I was wondering which piranha do you prefer between the Serrasalmus Spilopluera or Serrasalmus Brandtii. Which do u like better as far as looks, aggression, habits and behavior? What size do they normally reach in the home aquarium? I'm not sure which one I should go with and wanted to know what every one else thought or suggested.


----------



## Grosse Gurke (Jan 3, 2003)

I have a brandtii at around 9" or 10" and a spilo around 10"...to be honest...I cant really tell the difference between their aggression or behavior. Pretty much the same with all serrasalmus at that size ime.


----------



## 2PiRaNhA~2FuRrY (Nov 1, 2005)

Grosse Gurke said:


> I have a brandtii at around 9" or 10" and a spilo around 10"...to be honest...I cant really tell the difference between their aggression or behavior. Pretty much the same with all serrasalmus at that size ime.

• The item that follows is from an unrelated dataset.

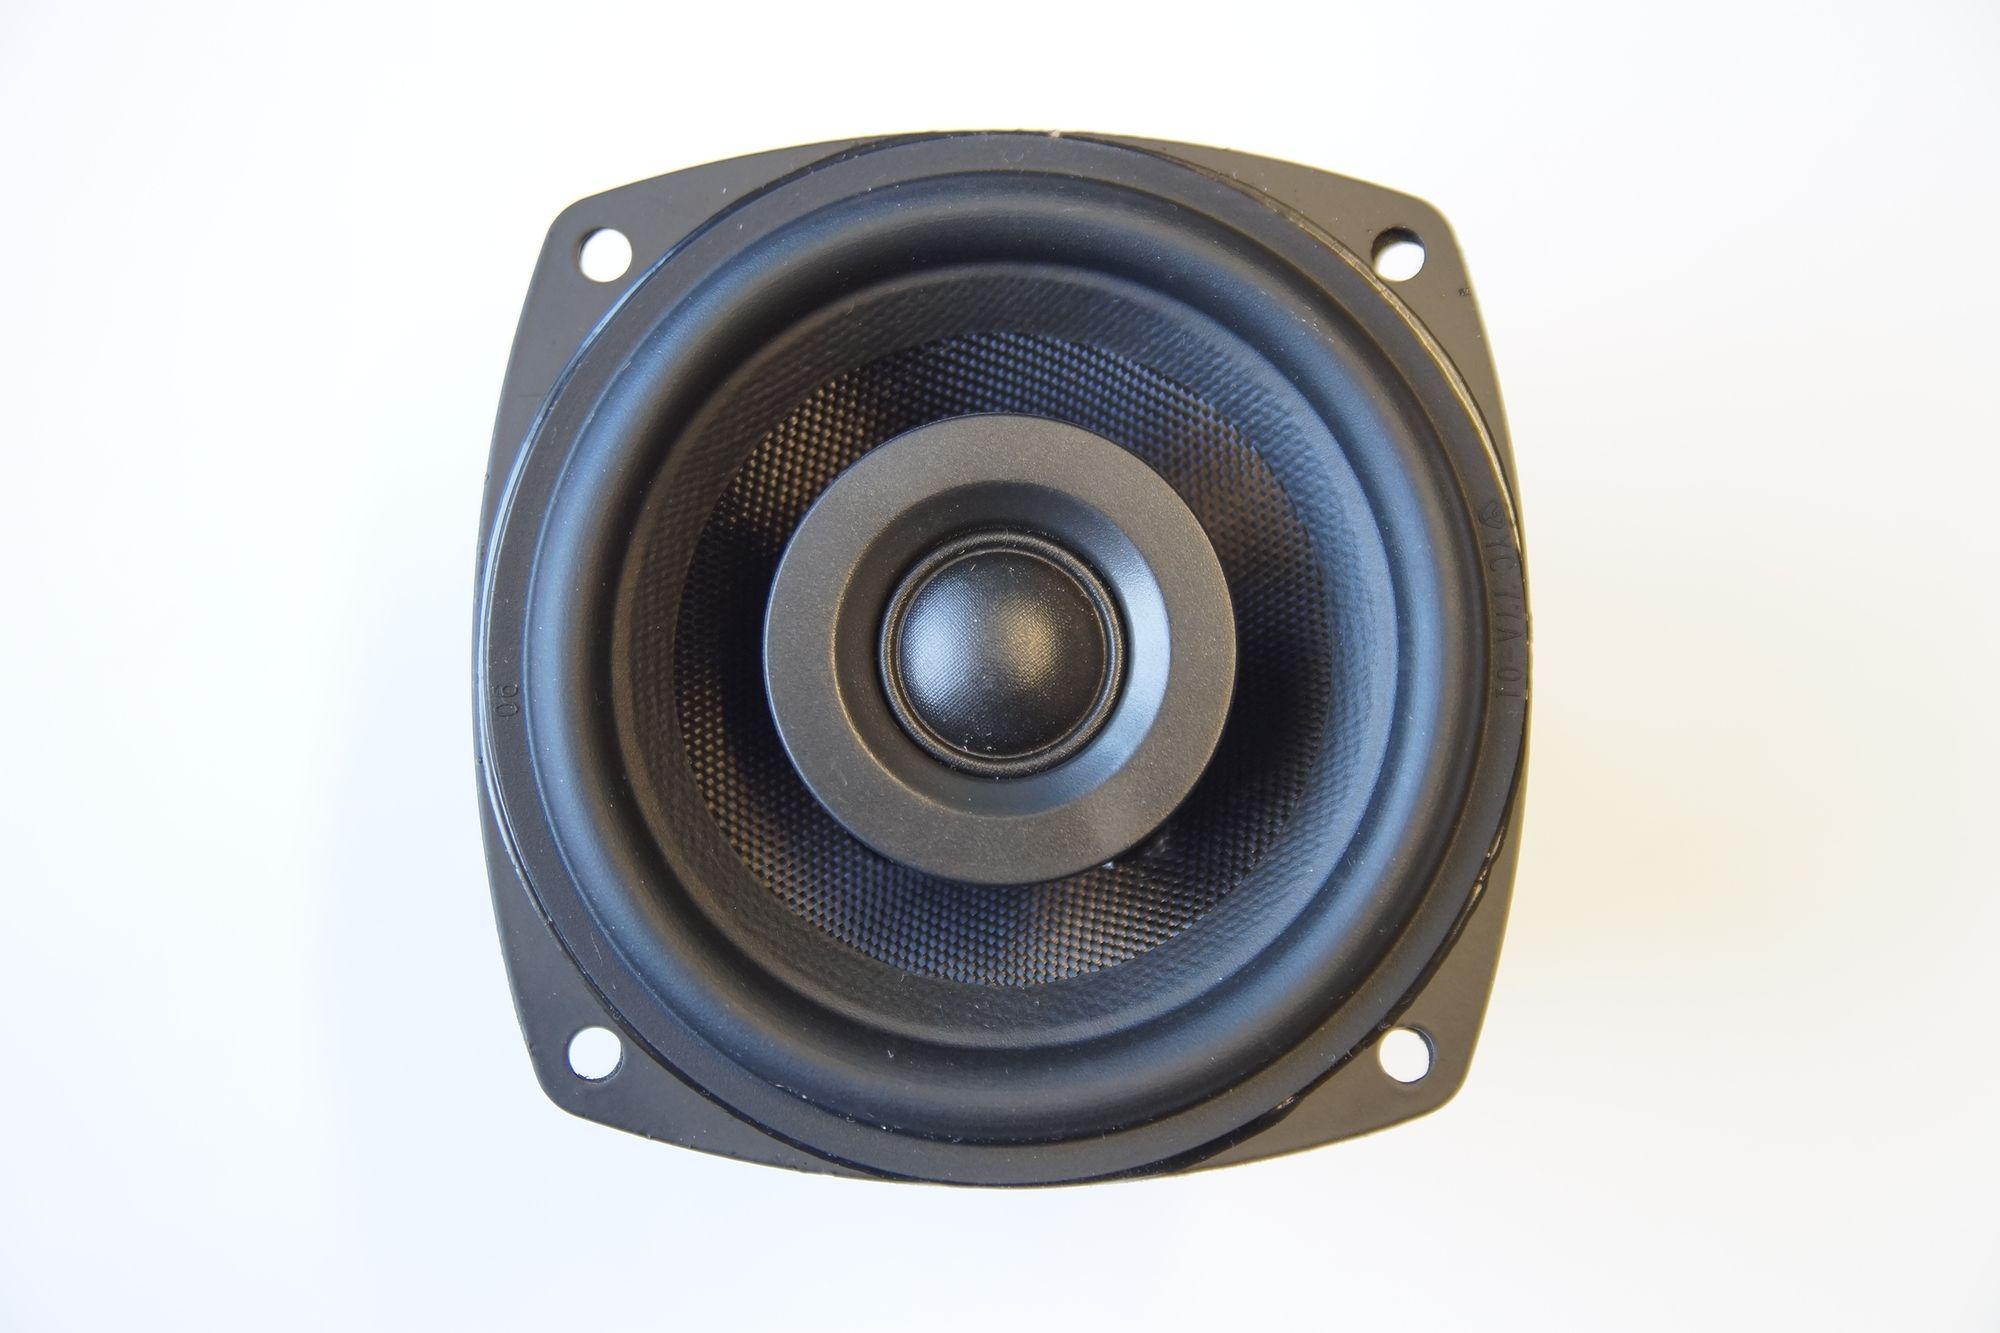 1 Stück Coax Lautsprecher Magnat MCO 90 S-GF 870 D / Art.Nr.: 349512 Serviceware 001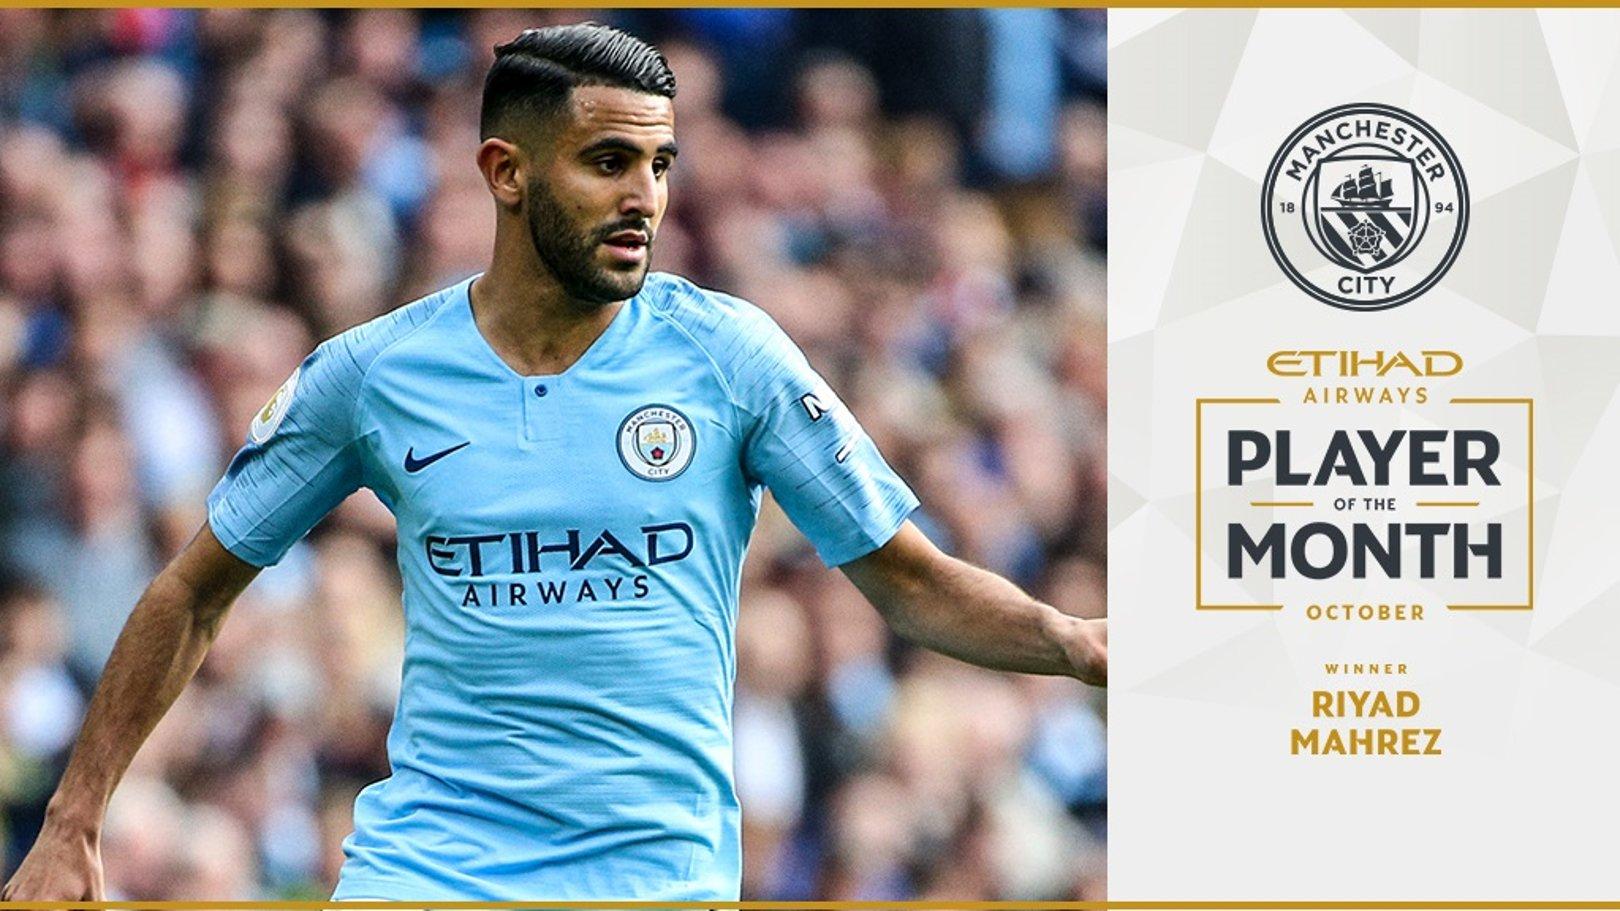 Mahrez voted October Etihad Player of the Month

i have to agreed with GG...it look pretty much the same, as for aggression it's up to indiviual fish itself.. both fish can be shy and skittish, and both fish can be aggressive.


----------



## Mr. Hannibal (Feb 21, 2003)

IMO both fish are great looking. Aggression depends on the individual. Anyway personally i'd get the rarer Brandtii...







!


----------



## ESPMike (Mar 23, 2005)

I have a Brandtii Im very happy with. I like their unique look over other serras. As far as aggression it really depends on the fish, not the species, both both are still piranhas and in turn are going to be aggressive in one way or another.


----------



## taylorhedrich (Mar 2, 2005)

If you get 10 fish of each species they will all act differently. I would pick the Serrasalmus brandtii because of their very unique look out of all the Serras and their rarity. However, they are not available for purchase very often.
~Taylor~


----------



## RedSpilo (Mar 18, 2006)

Go with the gold...


----------



## Dr. Giggles (Oct 18, 2003)

Red Spilo said:


> Go with the gold...


They both can be gold :rasp: Anyways get whatever you can get your hands on. imo all serras


----------



## Tony P (May 15, 2006)

Given a choice, which is very limited in the UK i would like to own a gold spilo, opinion in the Uk is that Spilo,s r gold macs but i dont think so personally, going by some of the pics on this forum, and imformation related to them... BUT.....Brantii,s r very nice as r all serras

tony


----------



## Scrappy (Oct 21, 2004)

Bling, bling!


----------



## sprfunk (Dec 22, 2005)

bling bling lol! bradity for me too.


----------



## ZOSICK (May 25, 2005)

my S. MAC is mean as hell he never stops swiming and eats food befor it sinks more then 3inches
he is one of my fav. I have never had a brandtii 
so but for looks not for expected personality


----------



## Brace (Apr 19, 2004)

Brandtii are nice looking. It took a long time for mine to come out of it shell. Now it's really active. My mac is crazy though! It's super aggressive. They are both great. I never see brandtiis around much though.


----------



## One800Jonny (Oct 13, 2004)

f*ck brandtis, golds are the sh*t. Ive got 5 10" and 1 6" and they are super aggressive and look incredible.


----------



## Piranha Guru (Nov 24, 2005)

One800Jonny said:


> f*ck brandtis, golds are the sh*t. Ive got 5 10" and 1 6" and they are super aggressive and look incredible.



















I'd take my brandtii over a gold any day of the week...not that I'd turn down a free gold however.


----------



## One800Jonny (Oct 13, 2004)

if you want red coloring go with a ruby red spilo, much more vibrant.


----------